> SUPPLIED MATERIAL:
★ ★ ★

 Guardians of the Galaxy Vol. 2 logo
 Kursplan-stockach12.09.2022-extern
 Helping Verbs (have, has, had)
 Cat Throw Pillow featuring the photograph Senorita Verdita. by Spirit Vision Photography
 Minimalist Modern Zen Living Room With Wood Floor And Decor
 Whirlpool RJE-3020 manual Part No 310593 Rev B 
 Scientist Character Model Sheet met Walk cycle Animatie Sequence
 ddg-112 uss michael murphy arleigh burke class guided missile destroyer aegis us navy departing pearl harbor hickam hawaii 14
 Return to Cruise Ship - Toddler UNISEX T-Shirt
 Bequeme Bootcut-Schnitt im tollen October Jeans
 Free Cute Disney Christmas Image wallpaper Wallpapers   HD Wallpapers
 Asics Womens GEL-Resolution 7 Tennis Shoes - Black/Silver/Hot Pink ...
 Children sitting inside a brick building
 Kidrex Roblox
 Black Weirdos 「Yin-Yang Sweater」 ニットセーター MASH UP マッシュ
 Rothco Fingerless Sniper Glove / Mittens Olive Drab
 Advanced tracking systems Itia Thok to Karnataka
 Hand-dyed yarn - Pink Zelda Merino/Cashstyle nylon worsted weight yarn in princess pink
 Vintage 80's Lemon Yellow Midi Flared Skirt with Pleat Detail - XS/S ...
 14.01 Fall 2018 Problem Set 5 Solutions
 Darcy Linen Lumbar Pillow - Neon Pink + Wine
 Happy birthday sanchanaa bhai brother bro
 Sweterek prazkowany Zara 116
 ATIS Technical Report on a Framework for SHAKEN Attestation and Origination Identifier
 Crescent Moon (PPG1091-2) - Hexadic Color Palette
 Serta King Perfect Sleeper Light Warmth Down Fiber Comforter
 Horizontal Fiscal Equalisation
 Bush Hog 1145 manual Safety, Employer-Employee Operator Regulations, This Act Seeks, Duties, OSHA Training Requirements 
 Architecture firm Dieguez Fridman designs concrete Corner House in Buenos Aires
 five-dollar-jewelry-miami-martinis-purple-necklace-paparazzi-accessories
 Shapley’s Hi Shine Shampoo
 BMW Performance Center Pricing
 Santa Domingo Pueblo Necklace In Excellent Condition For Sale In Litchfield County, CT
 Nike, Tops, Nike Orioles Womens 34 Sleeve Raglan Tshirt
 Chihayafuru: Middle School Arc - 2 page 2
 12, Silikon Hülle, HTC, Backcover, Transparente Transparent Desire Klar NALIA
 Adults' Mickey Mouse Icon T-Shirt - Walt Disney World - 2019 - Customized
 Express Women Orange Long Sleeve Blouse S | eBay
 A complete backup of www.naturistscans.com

★ ★ ★

> REQUIREMENT:
Above this task is a listing. Restate, word for word and with nothing added, the lines from the one with "Cat Throw Pillow" through the one with "Scientist Character Model".

> YOUR RESPONSE:
 Cat Throw Pillow featuring the photograph Senorita Verdita. by Spirit Vision Photography
 Minimalist Modern Zen Living Room With Wood Floor And Decor
 Whirlpool RJE-3020 manual Part No 310593 Rev B 
 Scientist Character Model Sheet met Walk cycle Animatie Sequence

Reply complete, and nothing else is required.